- Подкупим, но не доверимся ей. Доверять слугам и прибегать к их помощи - не одно и то же. Ей будут предложены деньги за то, что она займет флорентийку на небольшое время, пока вы задержитесь в спальне. Но впоследствии она может все рассказать своей госпоже... Вы к тому времени уже поступите на службу к кардиналу и, следовательно, будете защищены от мести королевы-матери.
К тому же ей намекнут, что вы действовали и в ее интересах, а ларец будет ей возвращен.
- Как так "возвращен"?!
- Разумеется, после того, как его содержимое будет тщательно изучено и скопировано.
- Выходит, вы все предусмотрели?!
- Как видите.
Бежар немного помолчал, прислушиваясь к тишине, царящей вокруг. Толстые монастырские стены надежно ограждали сон братии от звуков улицы.

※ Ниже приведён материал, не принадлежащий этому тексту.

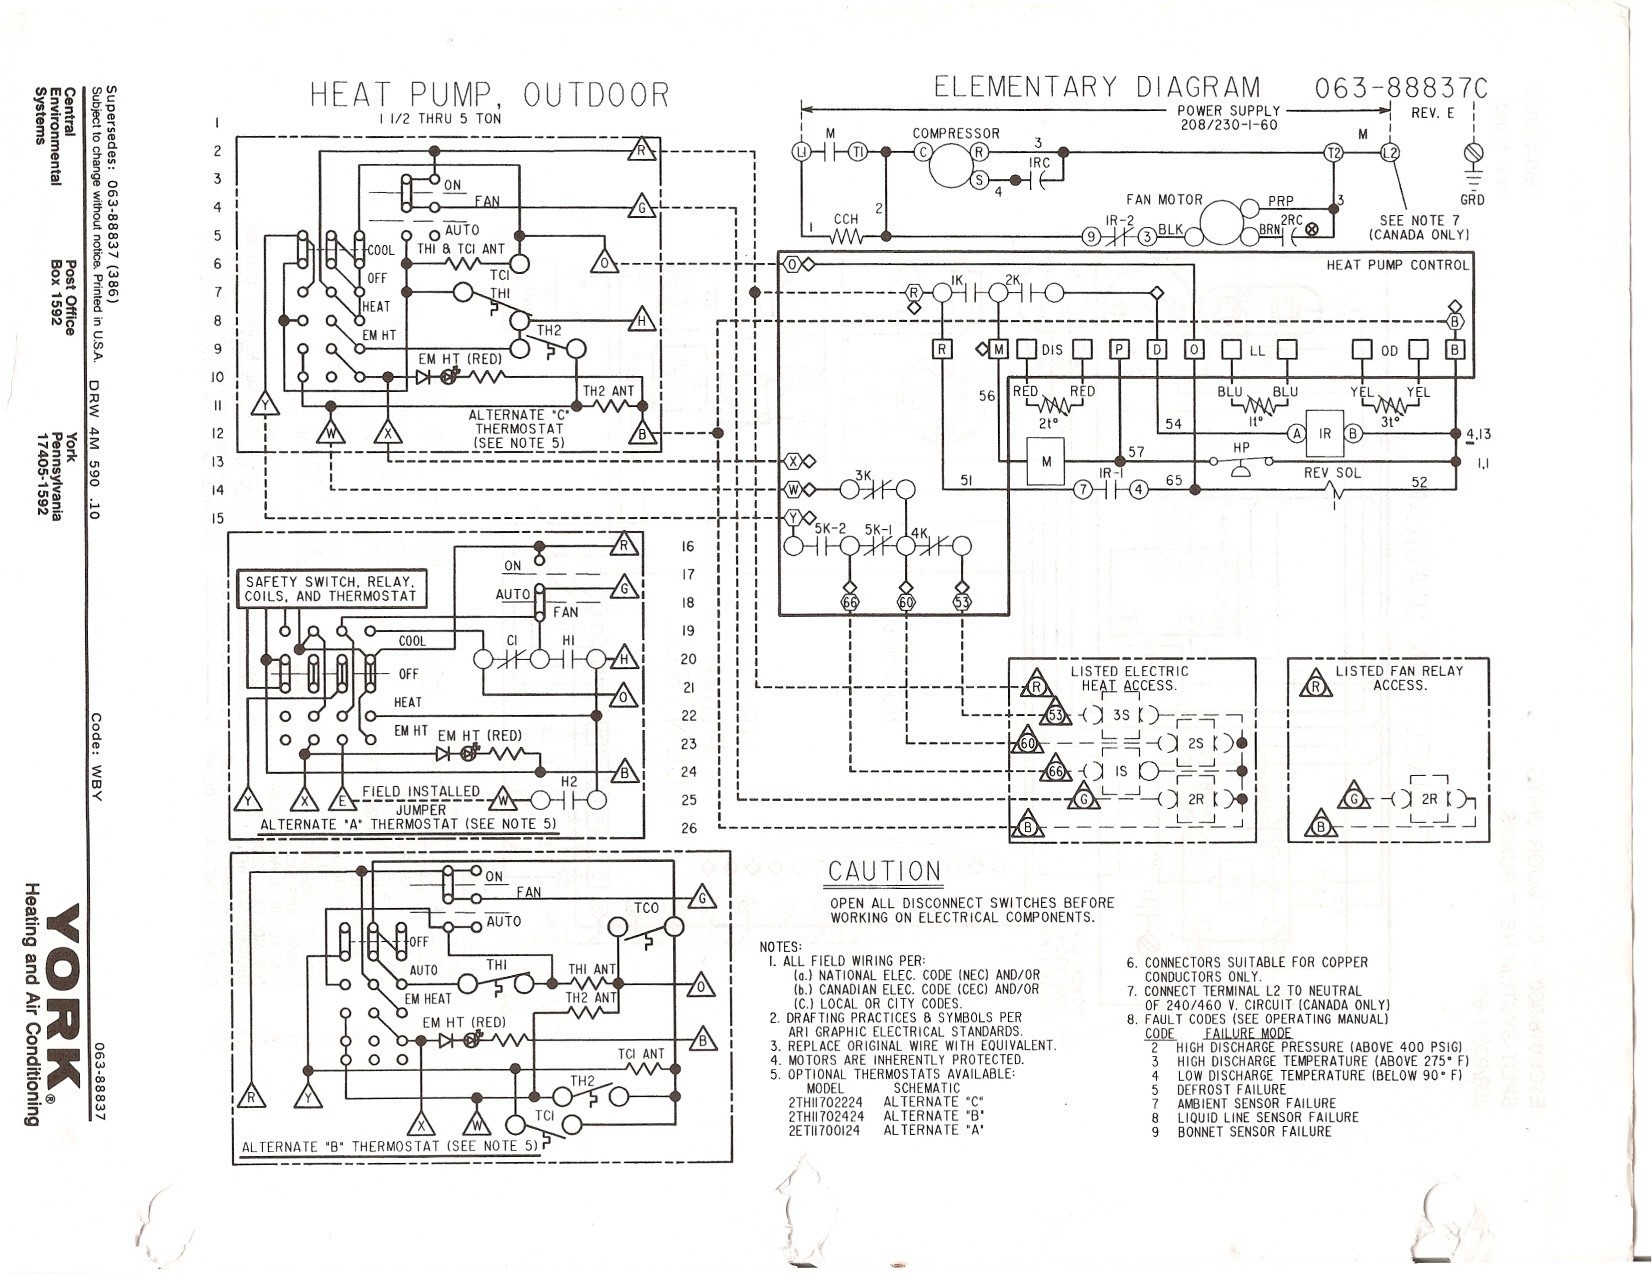 Bryant Heat Pump Wiring Diagram Hvac Heat Pump Wiring Diagram Another Blog About Wiring Diagram • Of Bryant Heat Pump Wiring Diagram
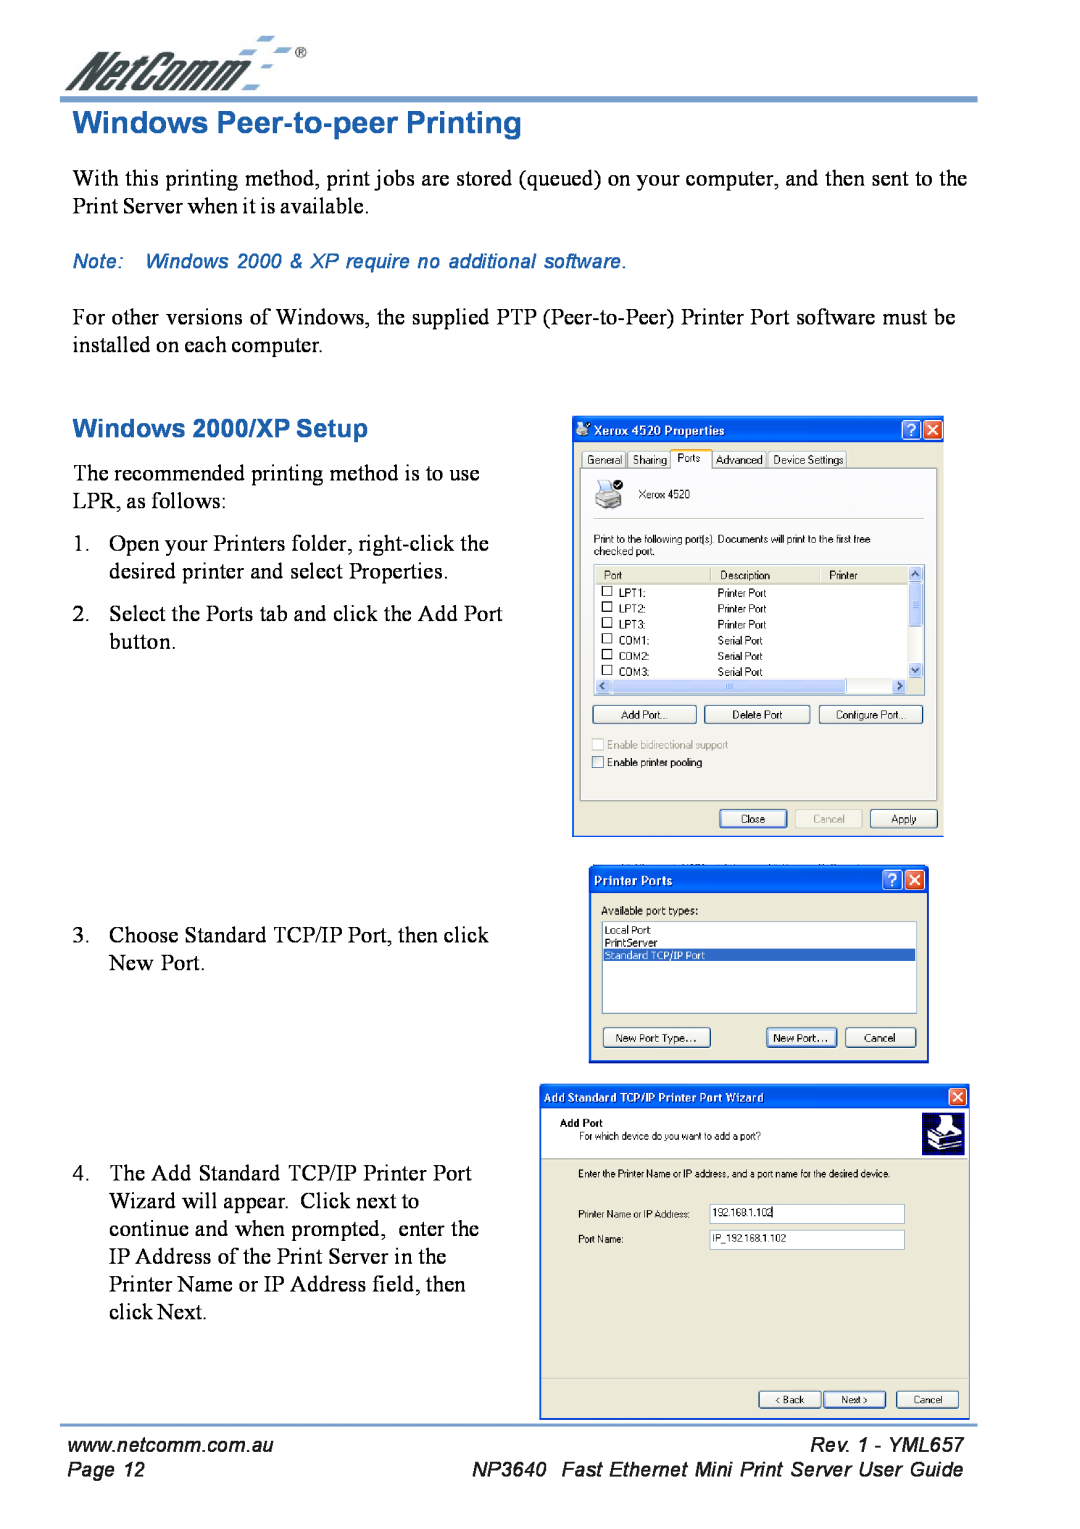 NetComm NP3640 manual Windows Peer-to-peer Printing, Windows 2000/XP Setup

- И все же у вас есть свой человек во дворце, - заметил Бежар, пытаясь исподтишка проследить за реакцией Арамиса. - Иначе, кто подкупил бы служанку?
"В самом деле, какая глупость, впутывать какую-то служанку, когда духовник королевы - иезуит, - подумал Арамис. - Будем надеяться, что Бежару об этом ничего не известно. Однако, что еще я мог ему сказать?"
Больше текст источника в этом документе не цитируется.